Evaluation of an external foam column for in situ product removal in aerated surfactin production processes
(2023) Treinen, Chantal; Claassen, Linda; Hoffmann, Mareen; Lilge, Lars; Henkel, Marius; Hausmann, Rudolf
In Bacillus fermentation processes, severe foam formation may occur in aerated bioreactor systems caused by surface-active lipopeptides. Although they represent interesting compounds for industrial biotechnology, their property of foaming excessively during aeration may pose challenges for bioproduction. One option to turn this obstacle into an advantage is to apply foam fractionation and thus realize in situ product removal as an initial downstream step. Here we present and evaluate a method for integrated foam fractionation. A special feature of this setup is the external foam column that operates separately in terms of, e.g., aeration rates from the bioreactor system and allows recycling of cells and media. This provides additional control points in contrast to an internal foam column or a foam trap. To demonstrate the applicability of this method, the foam column was exemplarily operated during an aerated batch process using the surfactin-producing Bacillus subtilis strain JABs24. It was also investigated how the presence of lipopeptides and bacterial cells affected functionality. As expected, the major foam formation resulted in fermentation difficulties during aerated processes, partially resulting in reactor overflow. However, an overall robust performance of the foam fractionation could be demonstrated. A maximum surfactin concentration of 7.7 g/L in the foamate and enrichments of up to 4 were achieved. It was further observed that high lipopeptide enrichments were associated with low sampling flow rates of the foamate. This relation could be influenced by changing the operating parameters of the foam column. With the methodology presented here, an enrichment of biosurfactants with simultaneous retention of the production cells was possible. Since both process aeration and foam fractionation can be individually controlled and designed, this method offers the prospect of being transferred beyond aerated batch processes.

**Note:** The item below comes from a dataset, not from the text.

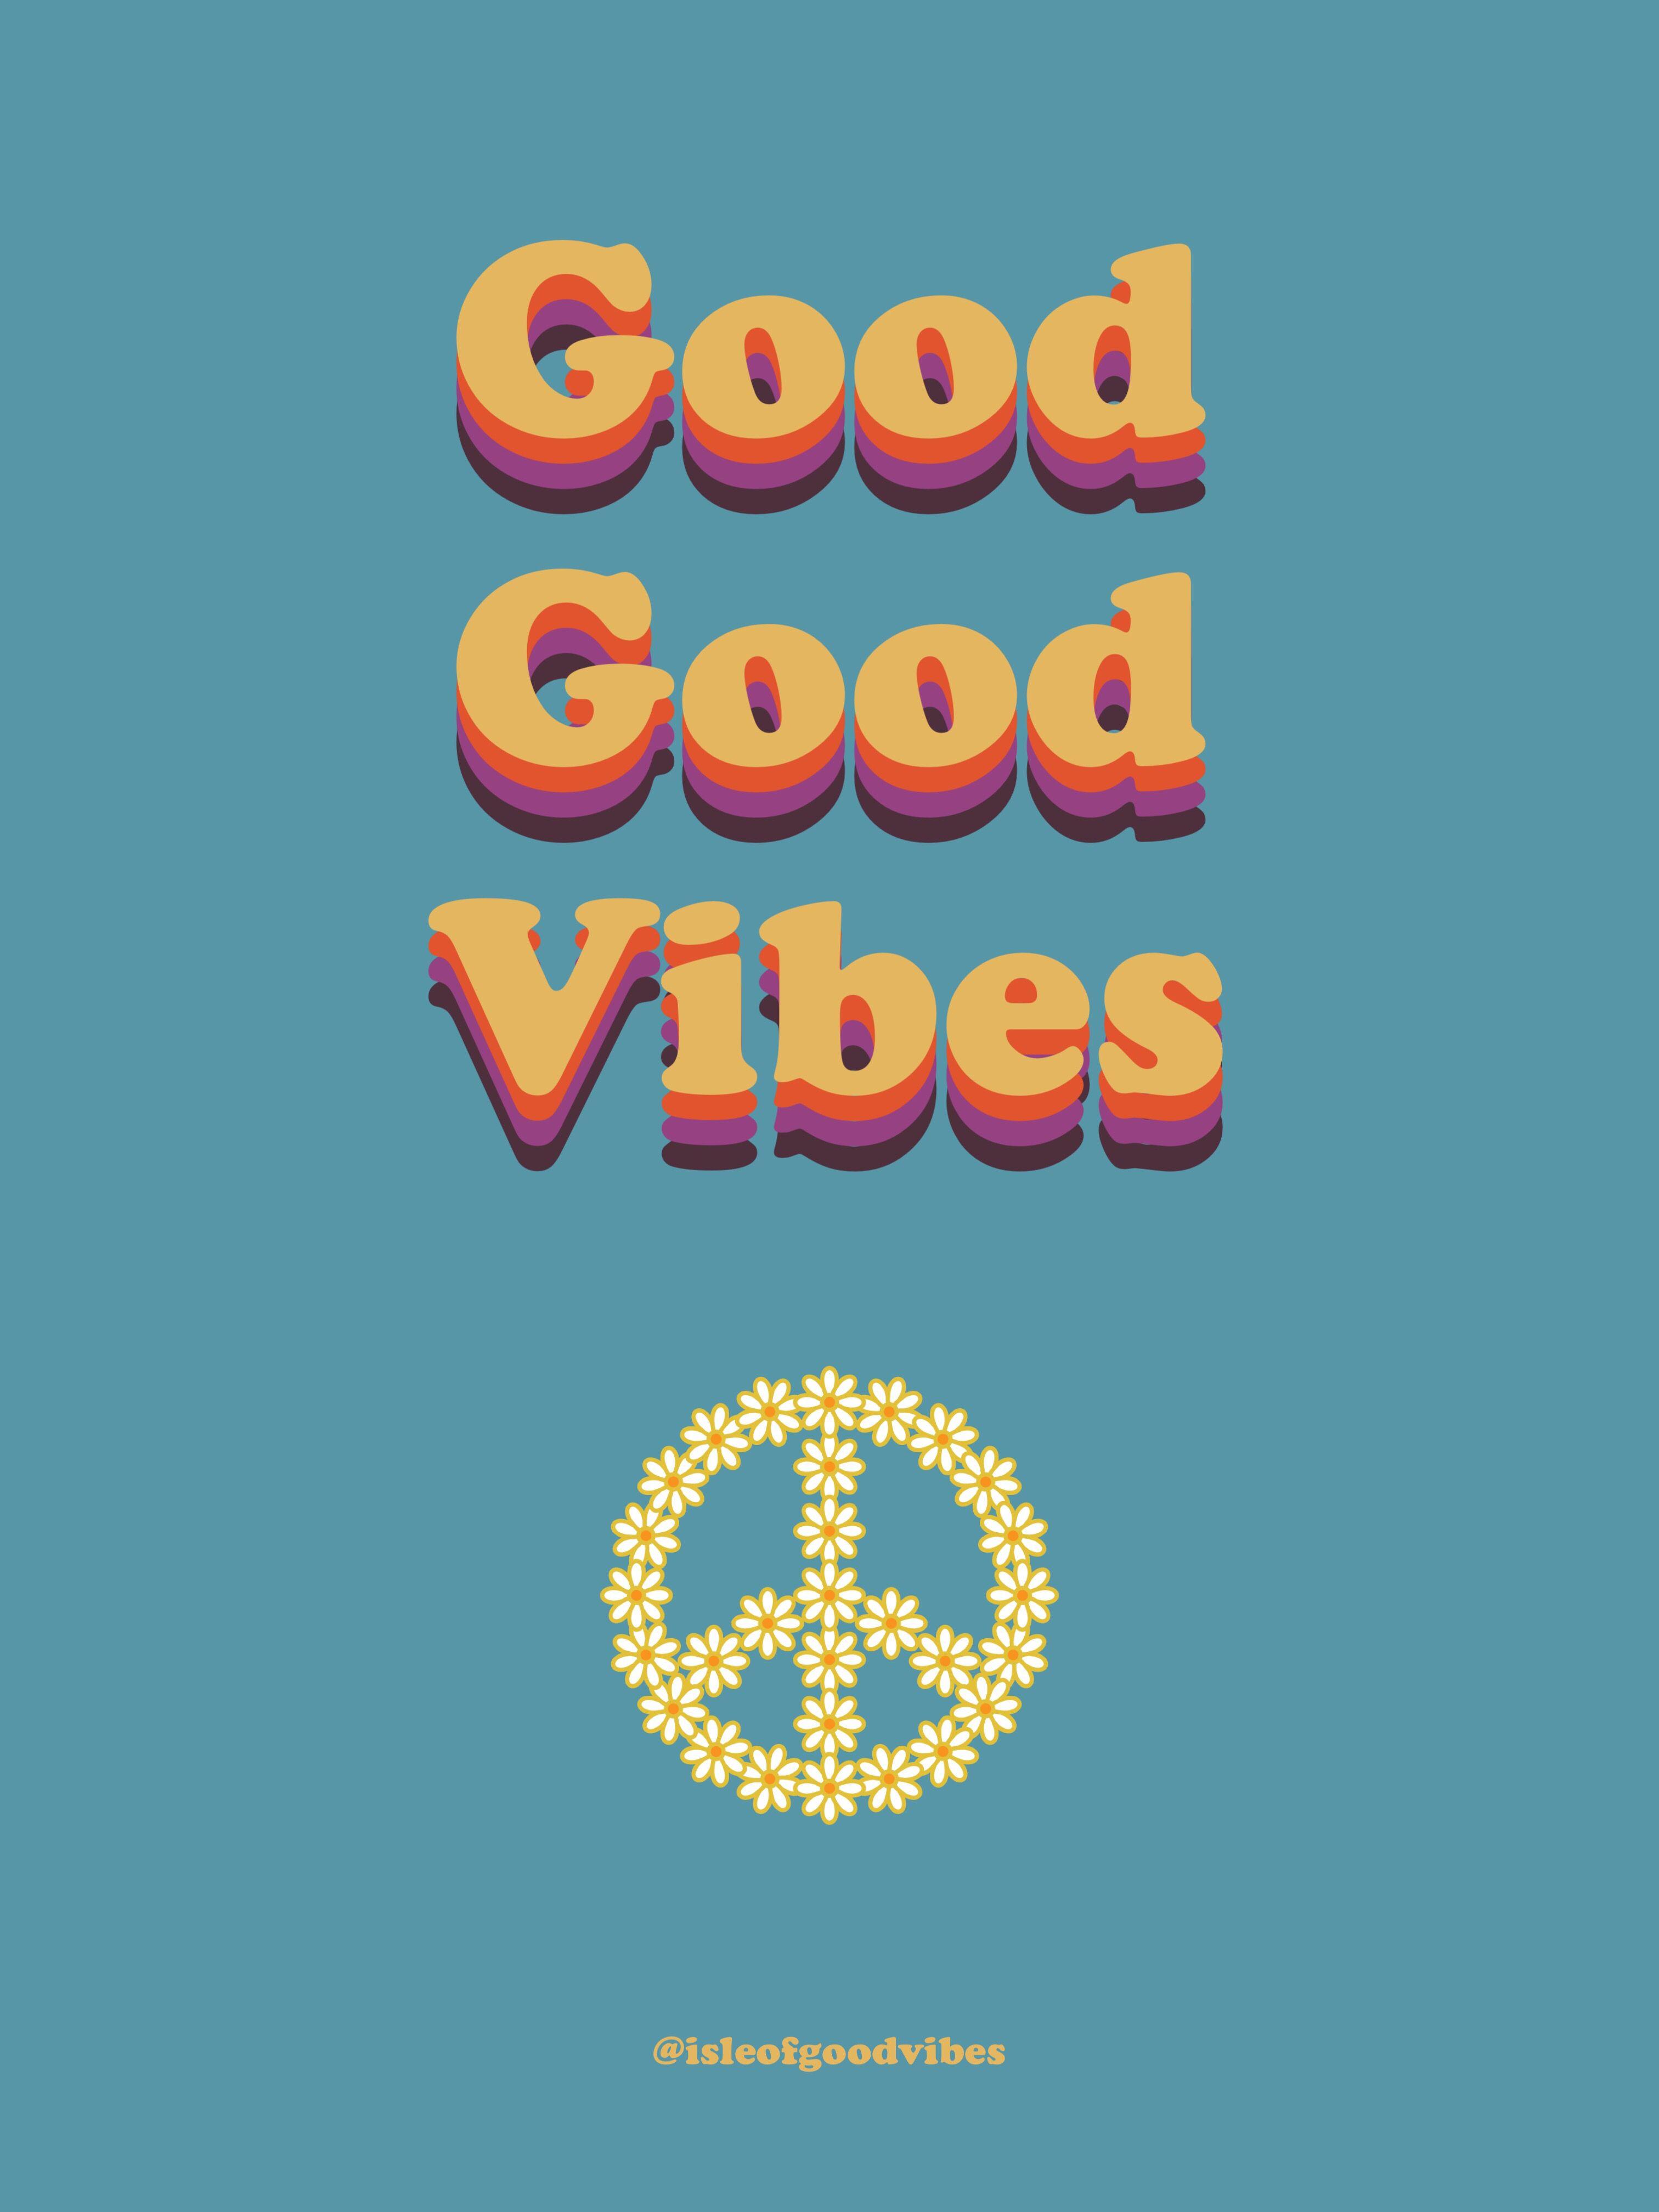 Follow Isle Of Good Vibes For More Inspiration Quotestoliveby Words Goodvibes Peace Retro Vintage Positivi Buenas Ondas Buenas Vibras Fondos De Telefono

Evaluation of an oxygen‐dependent self‐inducible surfactin synthesis in B. subtilis by substitution of native promoter PsrfA by anaerobically active PnarG and PnasD
(2021) Hoffmann, Mareen; Braig, Alina; Fernandez Cano Luna, Diana Stephanie; Rief, Katharina; Becker, Philipp; Treinen, Chantal; Klausmann, Peter; Morabbi Heravi, Kambiz; Henkel, Marius; Lilge, Lars; Hausmann, Rudolf
A novel approach targeting self-inducible surfactin synthesis under oxygen-limited conditions is presented. Because both the nitrate (NarGHI) and nitrite (NasDE) reductase are highly expressed during anaerobic growth of B. subtilis, the native promoter PsrfA of the surfactin operon in strain B. subtilis JABs24 was replaced by promoters PnarG and PnasD to induce surfactin synthesis anaerobically. Shake flask cultivations with varying oxygen availabilities indicated no significant differences in native PsrfA expression. As hypothesized, activity of PnarG and PnasD increased with lower oxygen levels and surfactin was not produced by PsrfA::PnarG as well as PsrfA::PnasD mutant strains under conditions with highest oxygen availability. PnarG showed expressions similar to PsrfA at lowest oxygen availability, while maximum value of PnasD was more than 5.5-fold higher. Although the promoter exchange PsrfA::PnarG resulted in a decreased surfactin titer at lowest oxygen availability, the strain carrying PsrfA::PnasD reached a 1.4-fold increased surfactin concentration with 696 mg/L and revealed an exceptional high overall YP/X of 1.007 g/g. This value also surpassed the YP/X of the reference strain JABs24 at highest and moderate oxygen availability. Bioreactor cultivations illustrated that significant cell lysis occurred when the process of “anaerobization” was performed too fast. However, processes with a constantly low agitation and aeration rate showed promising potential for process improvement, especially by employing the strain carrying PsrfA::PnasD promoter exchange. Additionally, replacement of other native promoters by nitrite reductase promoter PnasD represents a promising tool for anaerobic-inducible bioprocesses in Bacillus.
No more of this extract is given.